YouTube’s big global outage on February 17, 2026 lasted roughly 1.5–2 hours for most people, and the platform is currently back up and working normally.

How long was YouTube down?

  • Reports say the outage started around 7:50–8:00 PM Eastern time (about 4:50–5:00 PM Pacific).
  • Major outage-tracking sites showed hundreds of thousands of problem reports at the peak.
  • Team YouTube’s public updates indicated services were fully fixed a little after 10:10 PM Eastern, so the main disruption window was about 90–120 minutes.
  • After that, some users still reported minor glitches, but core video playback and access were restored.

So if you’re asking “how long will YouTube be down for?” about this specific 2026 outage, the answer is: it already ended after around two hours, and YouTube should be working again now in most regions.

What caused the outage?

  • Google and Team YouTube tied the issue to a problem with YouTube’s recommendations system (the algorithm that decides what to show on your homepage and elsewhere).
  • That glitch stopped videos from appearing across several surfaces: homepage, app, YouTube Music, and YouTube Kids.
  • Once they stabilized recommendations, they confirmed all platforms (web, app, YouTube TV, Music, Kids) were back to normal.

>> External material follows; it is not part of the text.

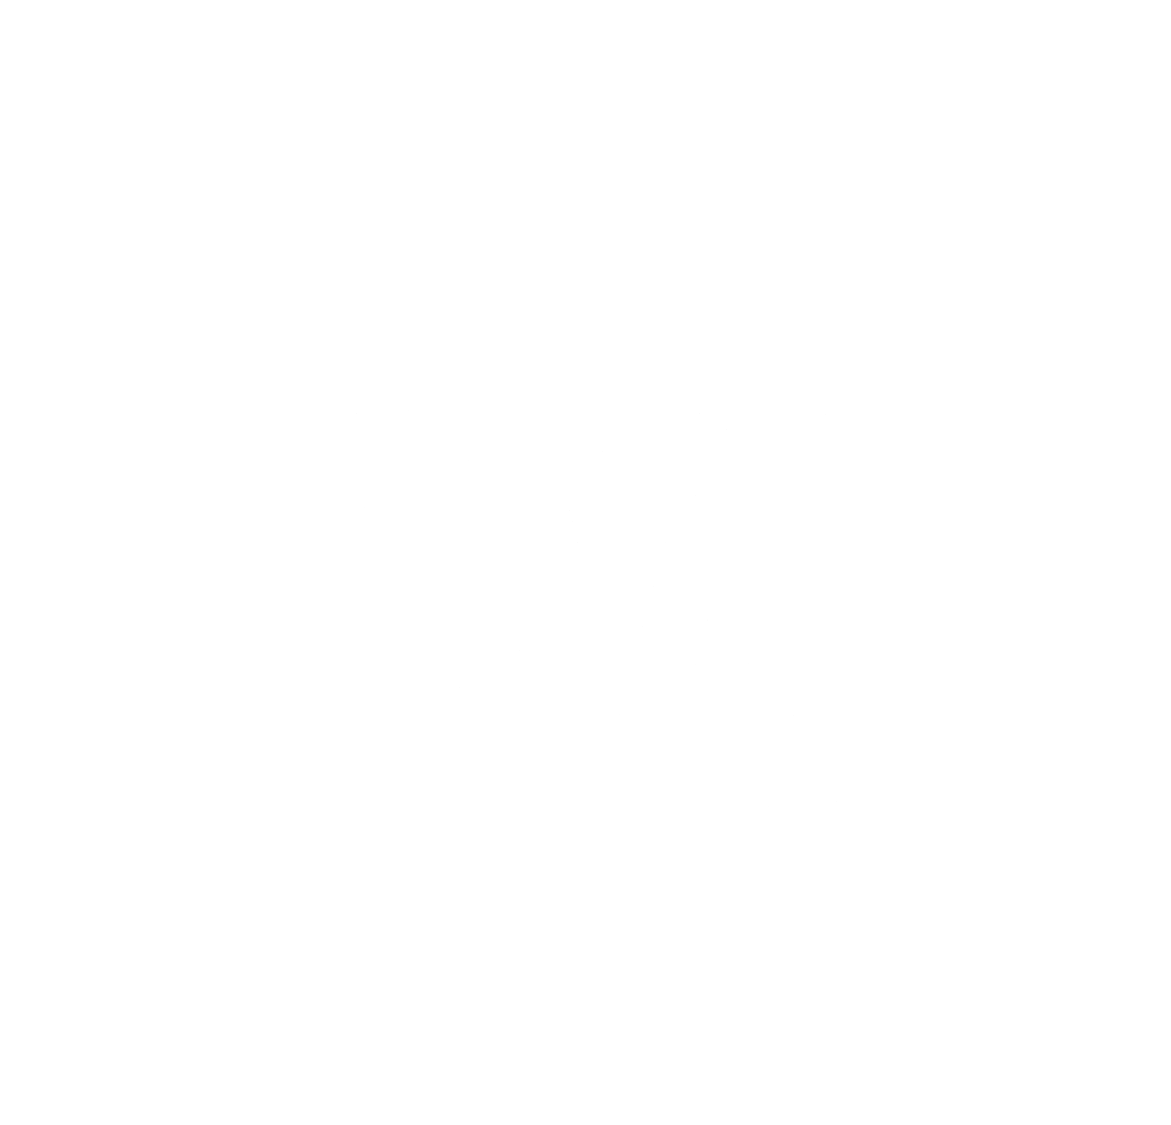 hvg logo

What’s the latest news right now?

  • Tech outlets running live blogs have marked the outage as resolved and note that YouTube is functioning again globally.
  • Outage monitoring sites that track live user complaints show that the huge spike of reports from the outage window has dropped back to normal background levels.
  • Some forum-style status pages still show scattered “is YouTube down?” posts, but those are typical after a big incident as people troubleshoot their own devices or connections.

What you can do if it’s still down for you

Even though the main outage is over, you might still see issues locally. Try:

  1. Refresh and relogin
    • Hard-refresh the page or restart the app, then sign out and back into your Google account.
  2. Check a status/outage page
    • Look at real-time outage maps or complaint feeds to see if others near you are still having trouble.
  1. Test another network/device
    • Try mobile data instead of Wi‑Fi, or test on another device to see if it’s a local network or device issue.
  2. Wait a bit
    • After big fixes roll out, there can be short regional delays while caches and servers sync.

If you’re working on something important (like uploading a video or watching a livestream), assume that future outages of this type will also likely last on the order of 1–2 hours , not many hours or days, based on this incident’s pattern.

Information gathered from public forums or data available on the internet and portrayed here.